During the Cassini tour of the Saturnian system, daily tracking from the Deep Space Network (DSN) stations granted approximately six hours per day of range and range-rate data, allowing the flight operations team to navigate the spacecraft (Antreasian et al. 2005, 2007, 2008; Pelletier et al. 2012; Bellerose et al. 2016). The orbit of Cassini was dictated by a complex optimisation process aimed at maximising the number of encounters with the moons while limiting the propellant consumption. The actual trajectory included about one flyby of Titan per orbit, with additional flybys of the other major satellites, such as Rhea, Dione, and Enceladus. To this end, the trajectory was made possible by the moon’s gravity assists and specific orbital trim manoeuvres (OTMs) that were performed to direct Cassini towards the next encounter (Brown 2018). Moreover, the need for precise pointing of the high gain antenna (HGA), along with the requirements set by other instruments, demanded fine control of the spacecraft attitude. This was achieved using either the 8 1-N reaction control system (RCS) thrusters or the reaction wheel assembly. A slight unbalance of the RCS thrusts introduced undesired ∼millimetre/s-magnitude ΔVs on the spacecraft, referred to as small forces (Lee & Burk 2019). In addition, spacecraft dynamics were affected by solar radiation pressure (SRP), the anisotropic acceleration produced by the radioisotope thermoelectric generators (RTGs), and the drag of the upper atmosphere of Titan during the closer flybys of the moon (with an altitude <1000 km) (Pelletier et al. 2006). As result, reconstructing the orbit was an extremely complicated task, making de facto Cassini one of the most complex space missions ever navigated. For example, Cassini performed a total of 162 targeted moon flybys and 360 successful OTMs in 13 years.

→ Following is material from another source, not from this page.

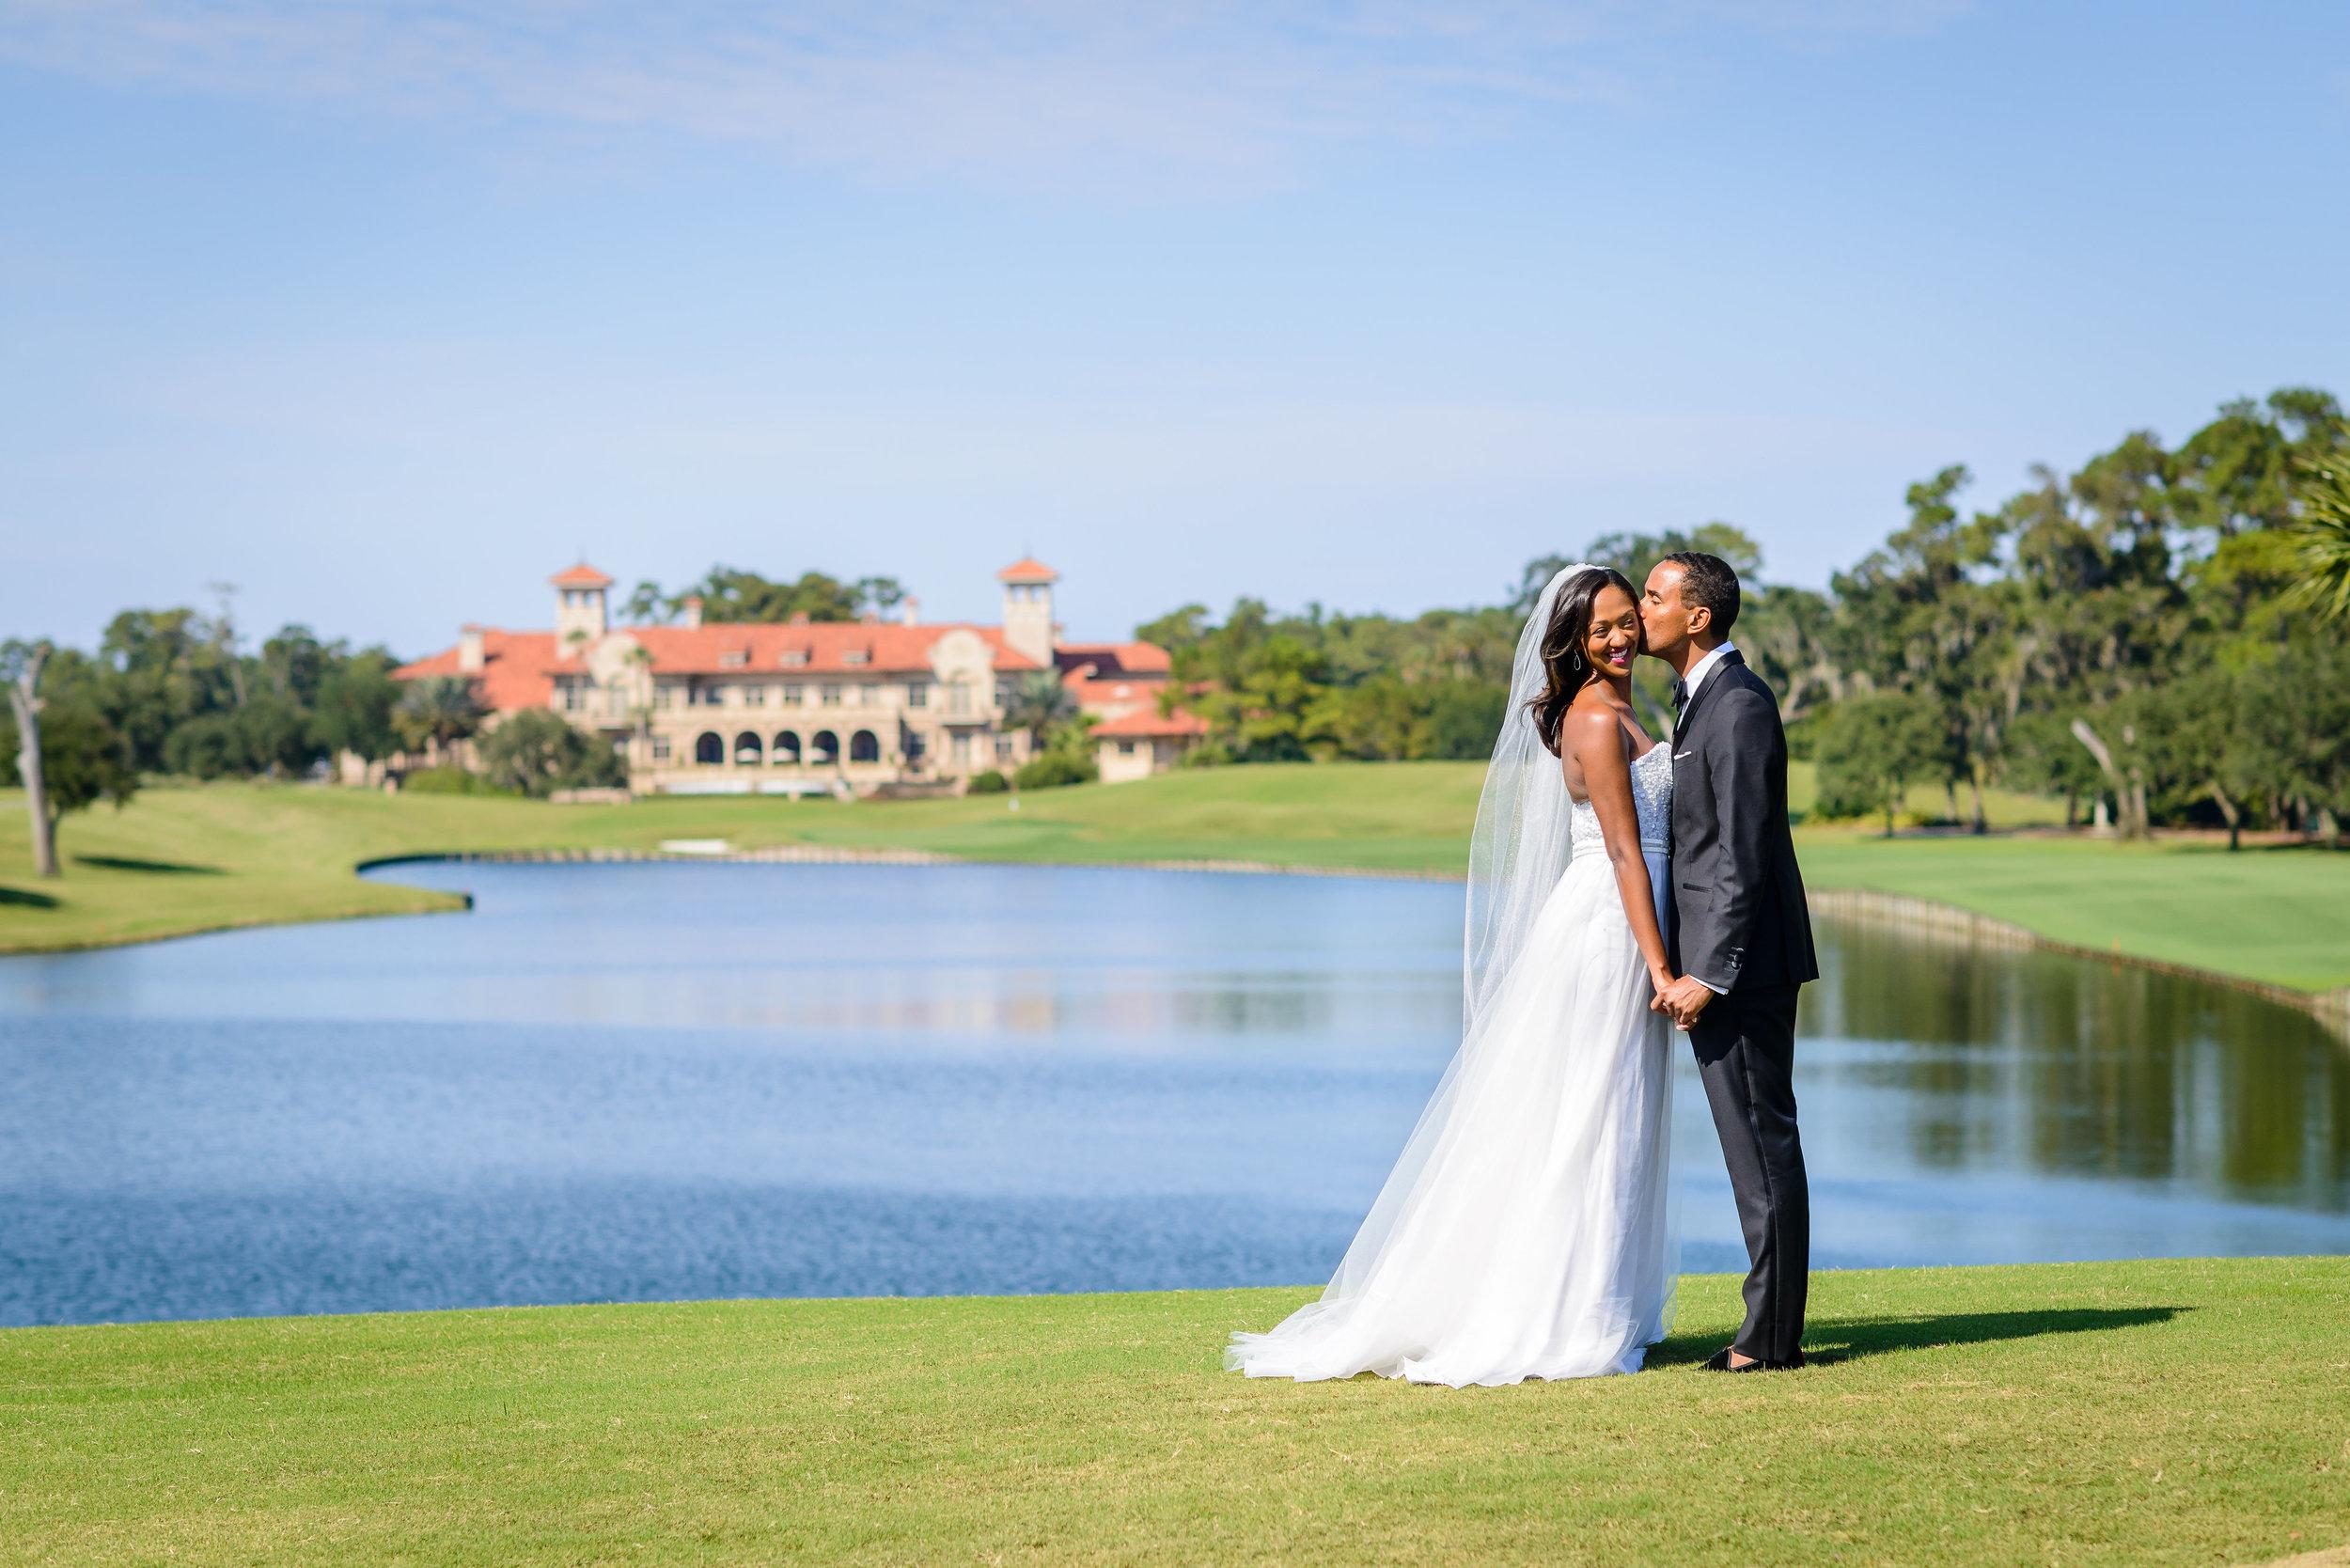 Amanda & Landon Raulerson-The Veil Wedding photography,http://www.theveilweddingphotography.com

The reconstruction process is currently a well-established procedure (Roth et al. 2018), thanks to the comprehensive experience of the spacecraft dynamics acquired during the mission, the enhanced precision of Saturn’s satellites ephemerides (Jacobson 2016a; Boone & Bellerose 2017), and current knowledge of the gravity field of the major bodies, which are measured on dedicated flybys (Iess et al. 2019; Durante et al. 2019; Iess et al. 2014a).

In this work we describe the method we follow to produce new normal points for the positioning of the barycentre of Saturn’s system, based on a re-analysis of Cassini navigation data. These new measurements are thus processed with the weighted least-squares filter of the intégrateur numérique planétaire de l’Observatoire de Paris (INPOP), to obtain an updated planetary ephemeris: INPOP19a. The refined ephemeris is used to provide new constraints on the outer solar system dynamics, including a new estimate of the mass of TNO rings located in 2:1 and 3:2 resonances with Neptune.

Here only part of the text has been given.